It really sounds like you are using food for a sense of comfort and safety. You eat when you are angry or depressed. You are not alone - this is probably the most common coping device that people rely on to get through rough patches.
It is important to know that sugar and starches (and chocolate) are ‘drugs’ to the brain, as they can significantly alter or moderate mood. Comfort food provides comfort. This is a neurochemical process that mimics the effects, even the high of other drugs. All these substances, i.e., food, alcohol, nicotine, enter the body and ultimately degrade to the same neurochemistry that is common to all pleasure, and all addiction. On the neurochemical level, you are eating so that the food will work like an antidepressant or like a drug or alcohol. If you eat too much food, you will get a 'high' and feel better, but then you will also experience the crash afterwards. Hence you likely get quite depressed after a binge of eating; see it as a hangover just like the alcoholic hangover for a drinker. This is what you have experienced.
Since you have found that when you have tried to stop, it is possible that you may have an underlying food addiction. Sugar and chocolate are both very addictive to some people. If this is the case, then the solution to stopping your eating pattern will be different than if you are simply using food to soothe your emotional distress on occasion. See if these questions apply to you?
1. Have you ever wanted to stop eating and found you just couldn’t?
2. Do you think about food or your weight constantly?
3. Do you find yourself attempting one diet or food plan after another, with no lasting success?
4. Do you binge and then “get rid of the binge” through vomiting, exercise, laxatives, or other forms of purging?
5. Do you eat differently in private than you do in front of other people?
6. Has a doctor or family member ever approached you with concern about you're eating habits or weight?
7. Do you eat large quantities of food at one time (binge)?
8. Is your weight problem due to you're “nibbling” all day long?
9. Do you eat to escape from your feelings?
10. Do you eat when you’re not hungry?
11. Have you ever discarded food, only to retrieve and eat it later?
12. Do you eat in secret?
13. Do you fast or severely restrict your food intake?

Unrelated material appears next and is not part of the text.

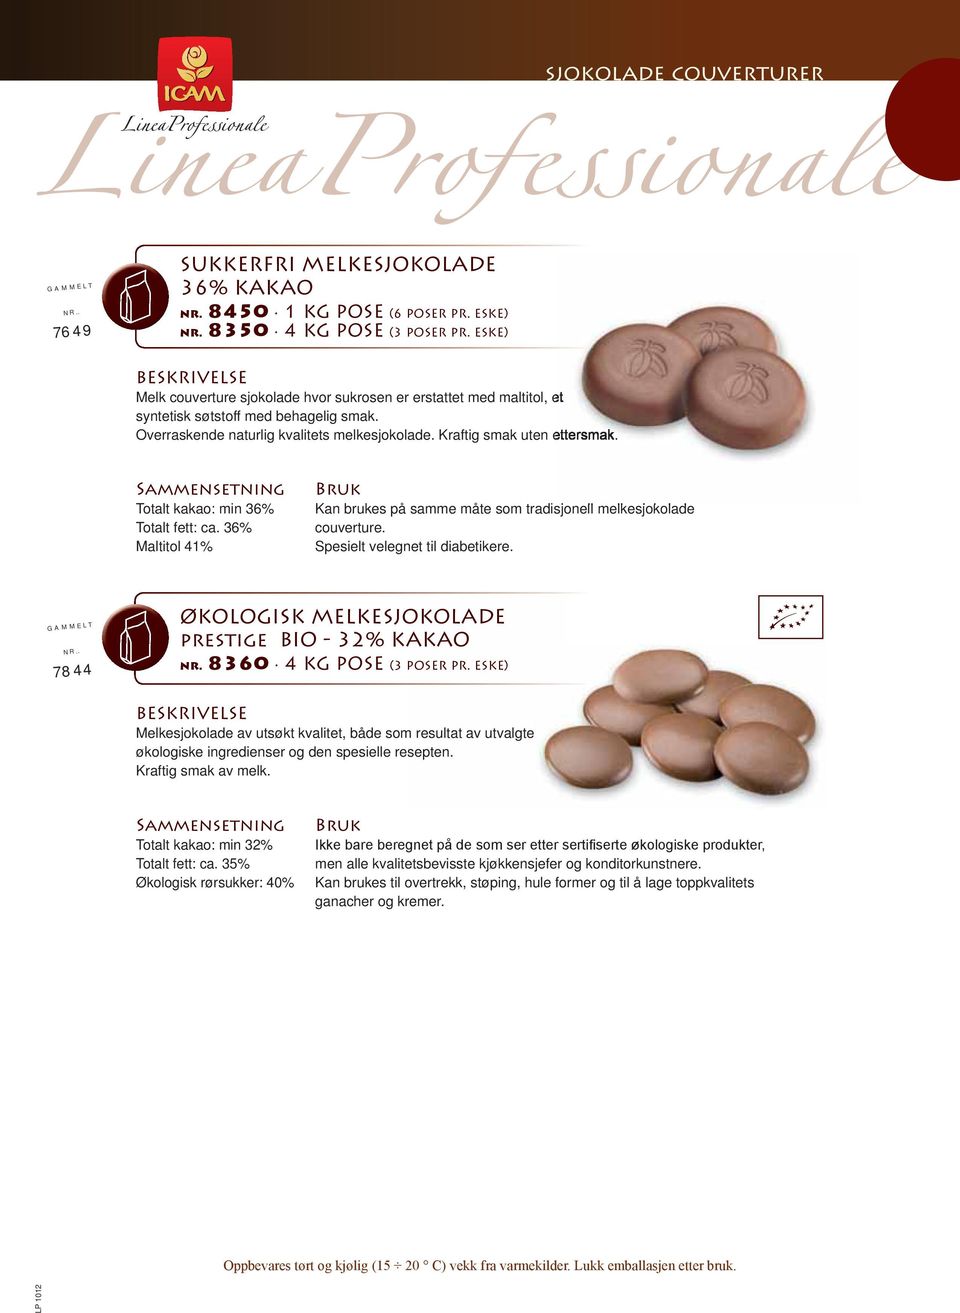 Kraftig smak uten ettersmak. Totalt kakao: min 36% Totalt fett: ca. 36% Maltitol 41% Kan brukes på samme måte som tradisjonell melkesjokolade couverture. Spesielt velegnet til diabetikere. GAMMELT NR.
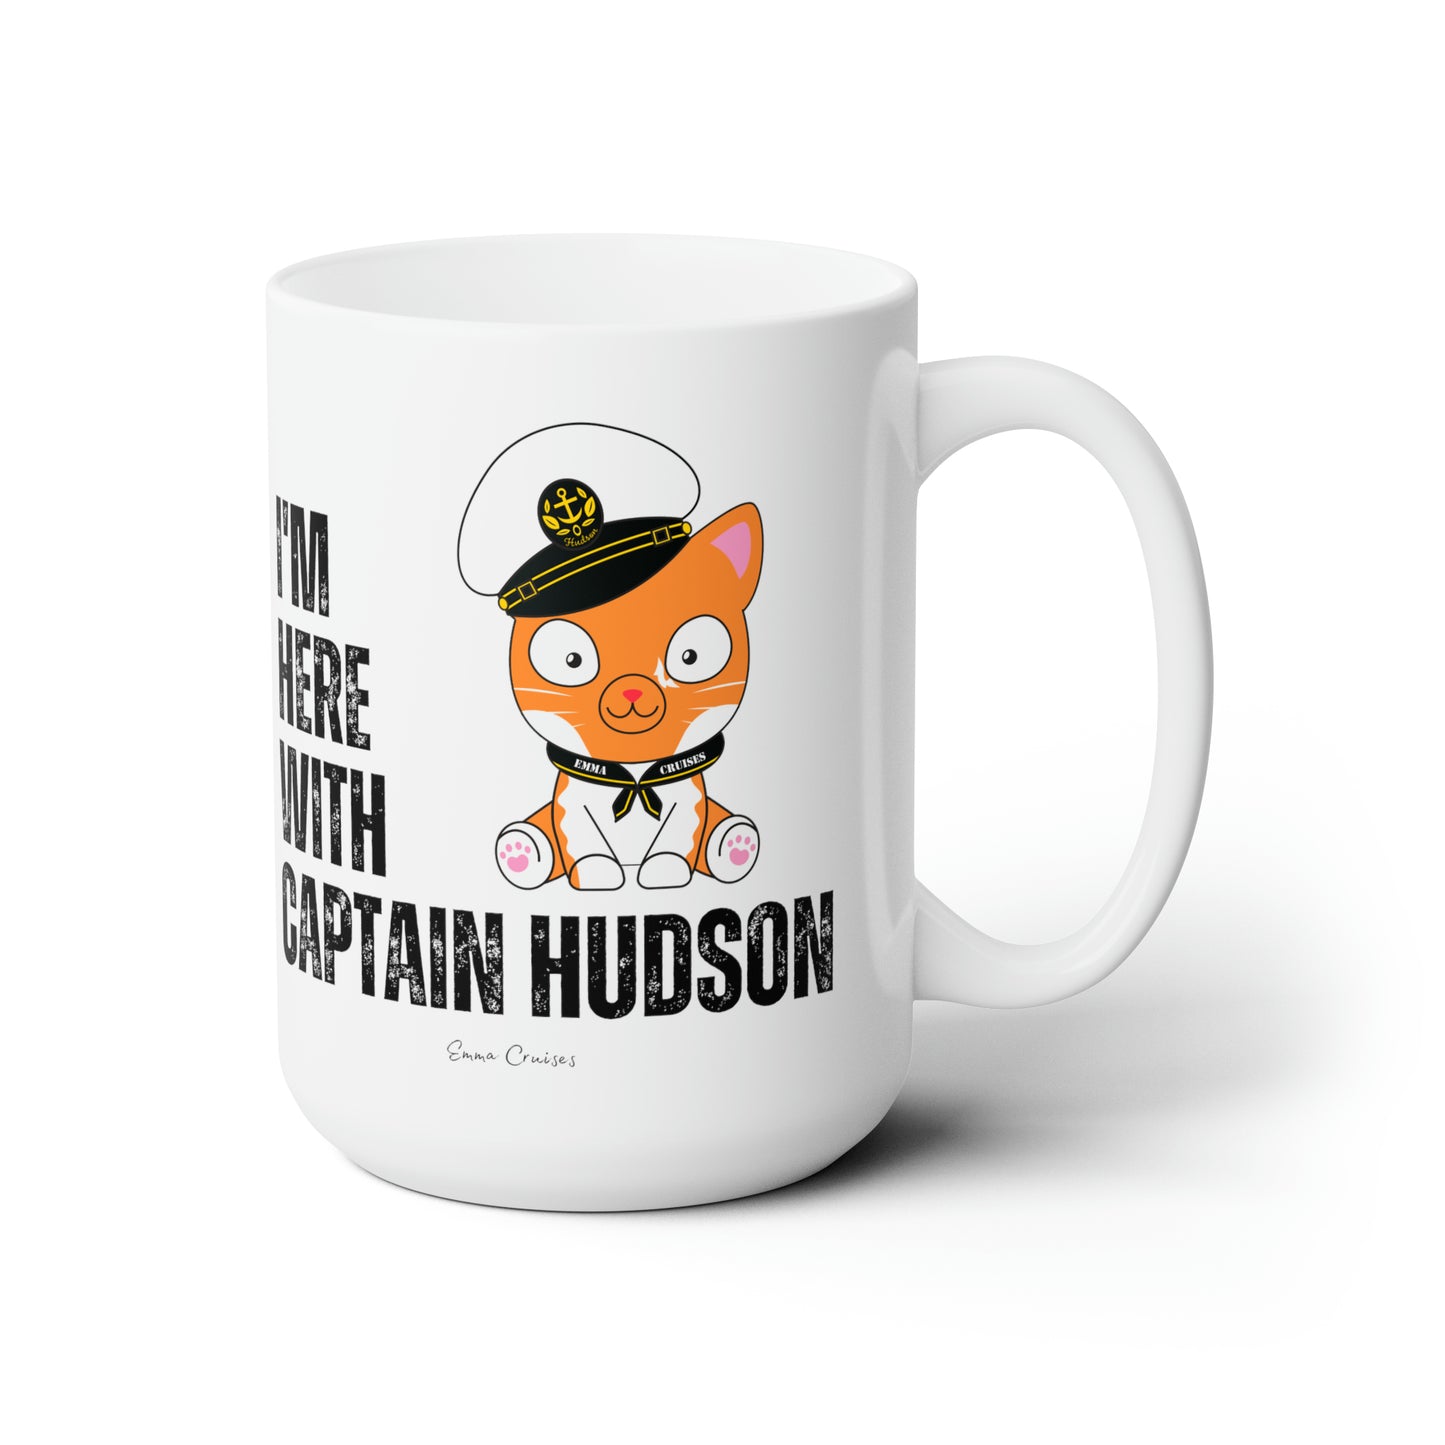 I'm With Captain Hudson - Ceramic Mug

14. Have you ever stolen other people’s food?
15. Have you ever hidden food to make sure you have “enough?”
16. Do you feel driven to exercise excessively to control your weight?
17. Do you obsessively calculate the calories you’ve burned against the calories you’ve eaten?
18. Do you frequently feel guilty or ashamed about what you’ve eaten?
19. Are you waiting for your life to begin “when you lose the weight?”
20. Do you feel hopeless about your relationship with food?
Copyright © 2000-2010 Food Addicts in Recovery Anonymous
If you are a food addict, you may be happy to know that there is a solution. It is a simple solution but it is not easy.
How to help yourself is to deal with the obsession to eat the tempting comfort foods when upset. You will need to identify the triggering foods – As I said, sugar and chocolate are probably the most addictive food substances there are. Most of us struggle with sugar cravings at various points in our lives, but for food addicts, it is an all consuming daily struggle (especially when we are upset) that we always loose if we keep eating sugar. Remember: sugar = comfort = depression = cravings for more sugar or other similar foods.
Probably the only way that you can deal with the cravings for sugar is to STOP eating sugar completely. And you will have to stop eating refined flours, like breads, pastas, potatoes; these are all metabolized to become sugar within minutes.
This may seem difficult to do at first. It is a 'one day at a time' venture. At first, you need to know that you will very likely feel withdrawal: this will feel like increased cravings, agitation, irritability, and depression. You will probably find yourself giving in when you are hungry, angry, tired. These are the times that people relapse the most, as with any drug addiction.
The good news is that it only takes about three weeks for cravings to start to subside IF you stop eating junk food completely. Your mood will probably improve as well - and then the normal upsets of the day will not appear so difficult to manage. You might be able to stand up to them without the need for 'comfort'. A food addict struggles with moods that are exaggerated because of the drug (sugar, starches) in their system.
You might find that you can 'get away' with eating junk food once in a while - IF you are simply an emotional eater. But if you find that you simply keep relapsing back to your depression and junk food fix, then you will have to stop completely. You can no longer 'cheat,' even once in a while. That will only magnify the cravings for your tempting foods.
There are 12 step support groups like Overeaters Anonymous and Food Addiction in Recovery Anonymous – full of people who can support you in this new way of life.